Partial resistance and developing resistance are terms used to describe a situation where only a small proportion (often less than 20%) of the population survives the standard application rate of the herbicide in question. Weed populations are normally classified by testing services as resistant when more than 20% of the population survives the standard application rate of herbicide.

Options for herbicide resistance testing

There are a number of different methods of testing for herbicide resistance. Tests can be performed in situ (in the paddock during the growing season), on seed collected from the suspect area or by sending live plant samples to a testing service.

Resistance testing

This can be conducted on-farm or by a commercial resistance testing service.

In-situ testing

An in-situ test can be performed following herbicide failure in a paddock. The test should be done at the earliest opportunity, remembering that the weeds will be larger than when the initial herbicide was applied. Test strips should be applied using herbicide rates appropriate to the current crop growth stage and weed size, plus a double rate. The test strips should only be applied if the weeds are stress free and actively growing. To more accurately assess the level of control, conduct weed plant counts before and after application. Green or dry plant weights can be calculated for more accurate results.

Herbicide resistance seed tests

Seed tests require collection of suspect weed seed from the paddock at the end of the season. This seed is generally submitted to a commercial testing service.

There are two commercial seed testing services in Australia

  1. Peter Boutsalis, Plant Scince Consulting
  2. John Broster, Charles Sturt University, +61 (0)2 6933 4001

Approximately 3000 seeds of each weed (an A4-sized envelope full of good seed heads) is required for a multiple resistance test. This equates to about one cup of annual ryegrass seed and six cups of wild radish pods.

Pots of annual ryegrass tested for glyphosate resistance; the plant on the left has died, therefore its susceptible, the plant on the right is alive therefore it is strongly resistant.
 Pots of annual ryegrass tested for glyphosate resistance; susceptible (left) and strongly resistant (right) (photo: Peter Boutsalis)

Syngenta herbicide resistance Quick-Test™

The Syngenta herbicide resistance Quick-Test™ (QT) uses whole plants collected from a paddock rather than seeds, eliminating the problem of seed dormancy and enabling a far more rapid turnaround time. In addition, the tests are conducted during the growing season rather than out of season over the summer. A resistance status result for a weed sample is possible within four to six weeks. The QT, which was developed by Dr Peter Boutsalis while working for Syngenta in Switzerland, is patented in Australia.

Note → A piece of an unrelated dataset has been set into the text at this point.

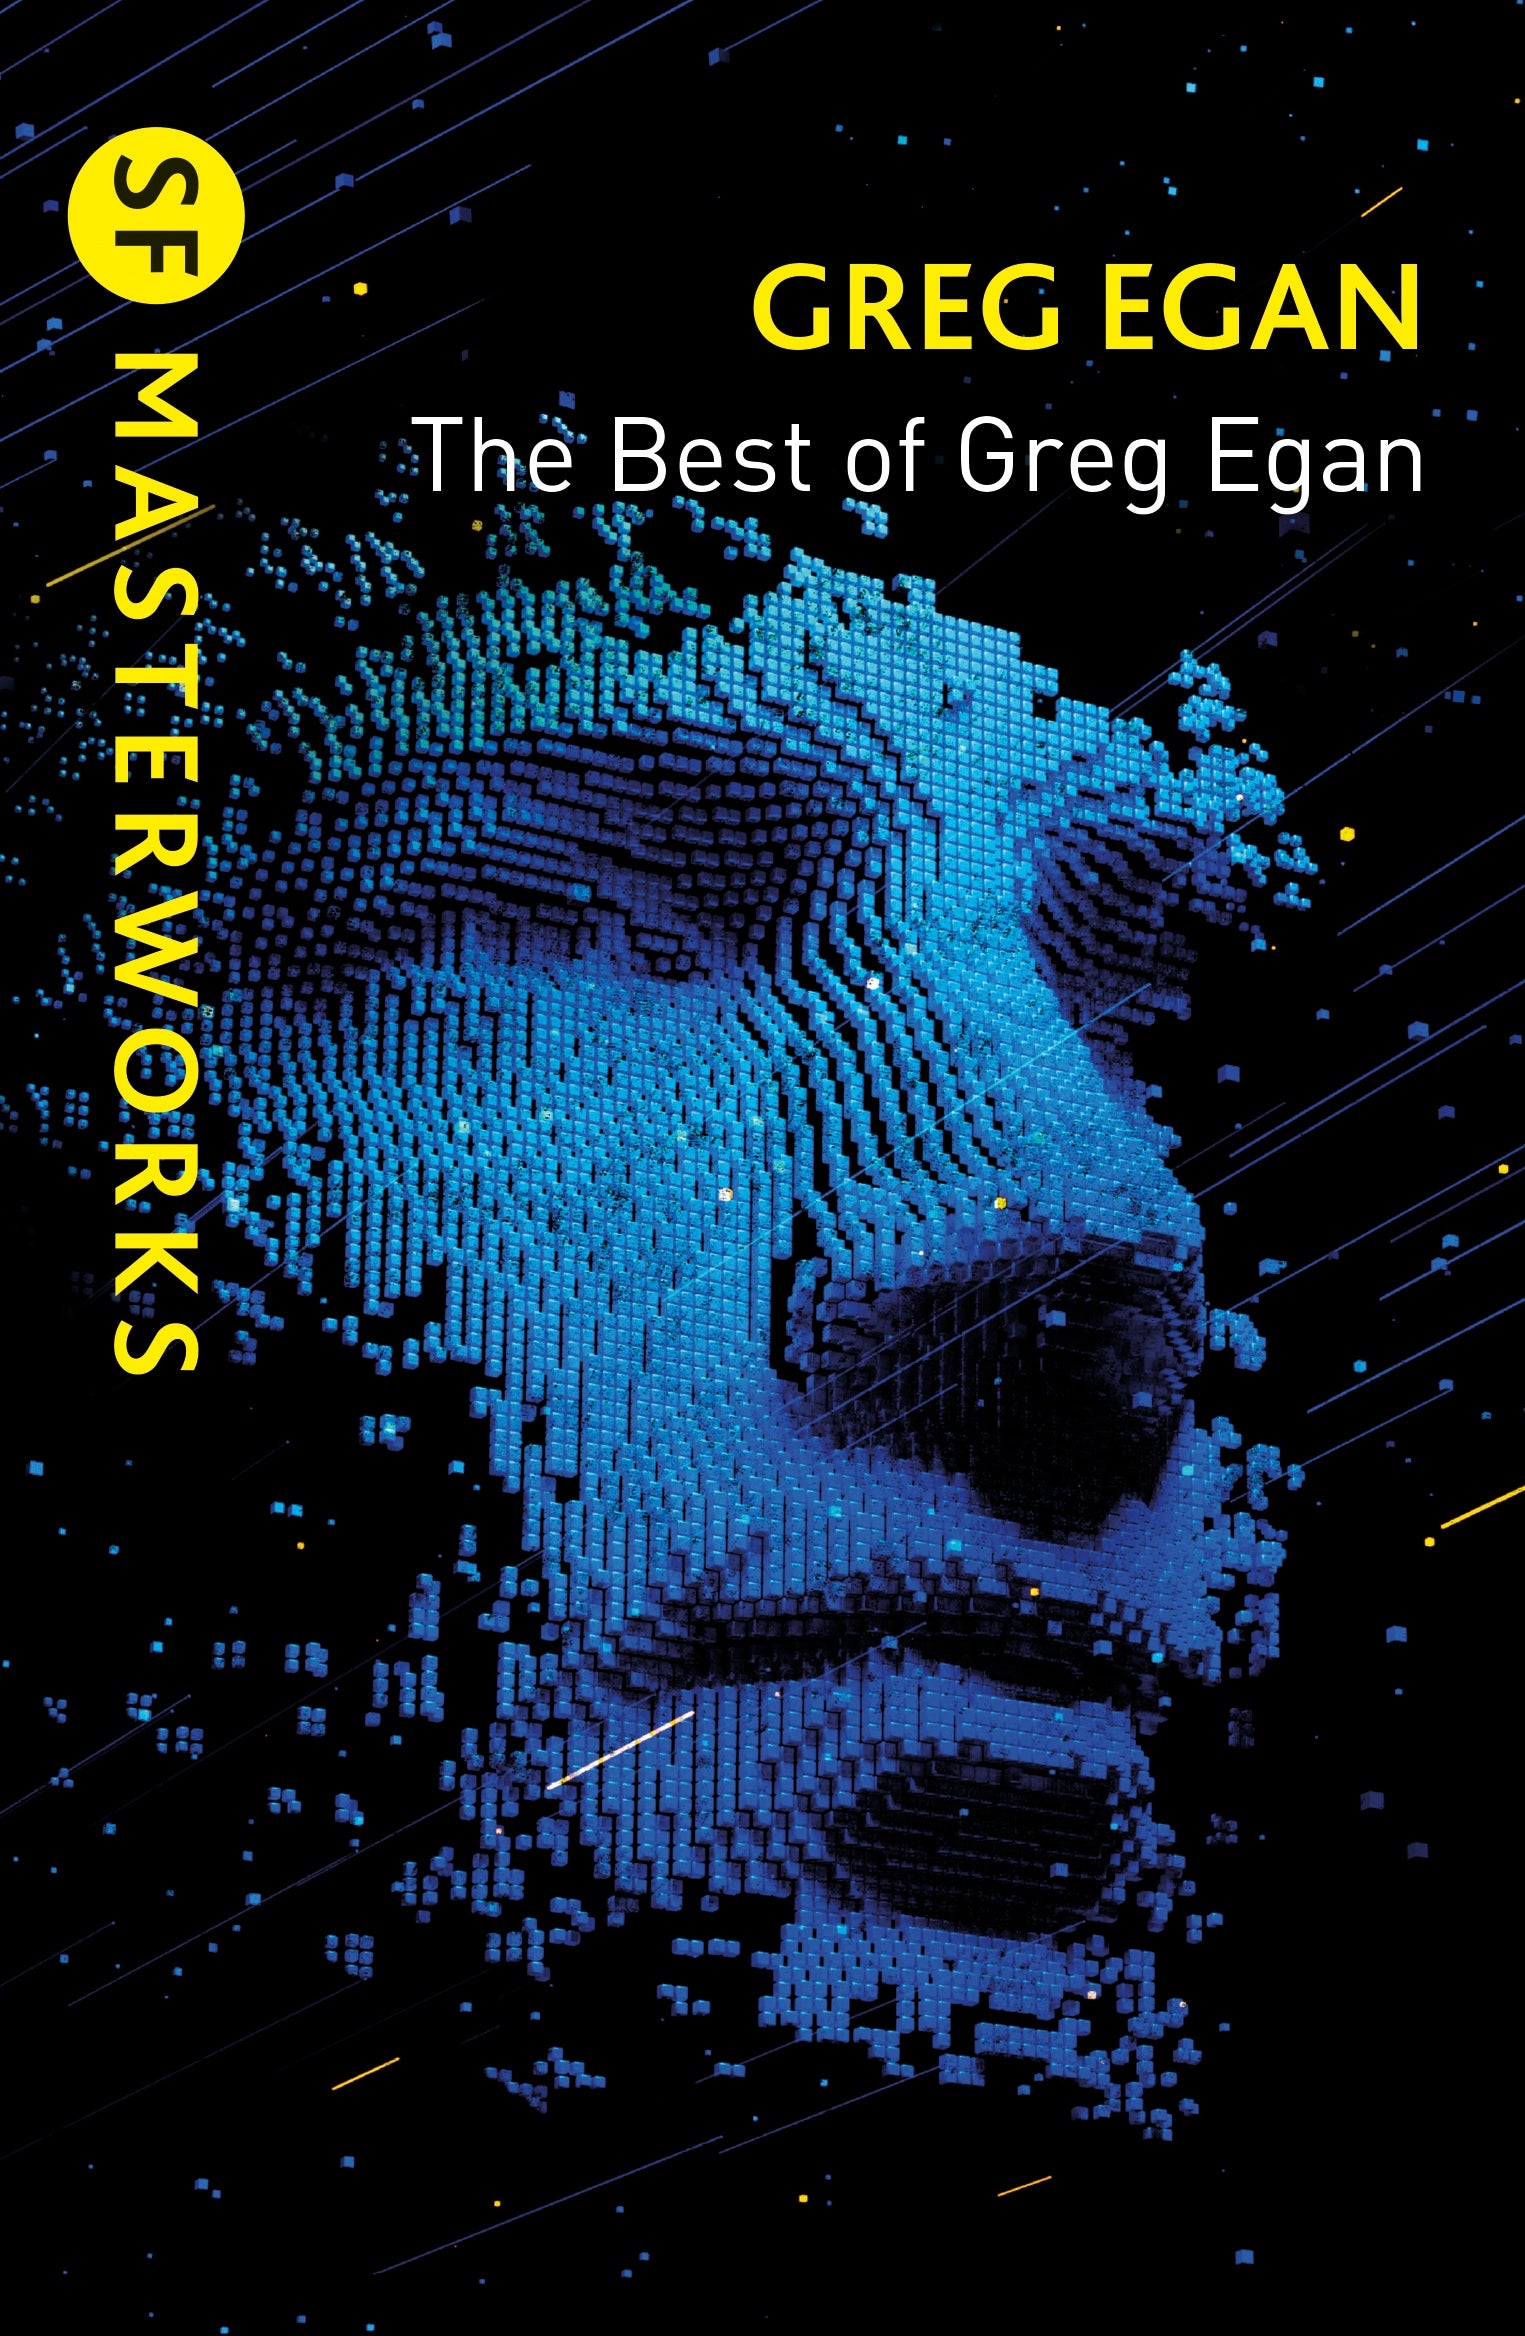 The Best of Greg Egan by Greg Egan

For each herbicide to be tested, 50 plants are required. To reduce postage costs, plants can be trimmed to remove excess roots and shoots. Upon arrival at the testing service, plants are carefully trimmed to produce cuttings and transplanted into pots. After appearance of new leaves (normally 5-7 days), plants are treated with herbicide in a spray cabinet. The entire procedure, from paddock sampling to reporting results, takes between 4-6 weeks, depending on postage time and the herbicides being tested. Unlike paddock tests, the QT is performed under controlled conditions, so it is not affected by adverse weather conditions. The age of the plants is also less critical to the testing procedure. Trimming the plants prior to herbicide application means that herbicides are applied to actively growing leaves, thus mimicking chemical application to young seedlings. The Quick-Test™ has been used to test resistance in both grass and broadleaf weed species. During testing, both known sensitive and resistant biotypes are included for comparison.

Quick-Tests can be done with Peter Boutsalis, Plant Science Consulting.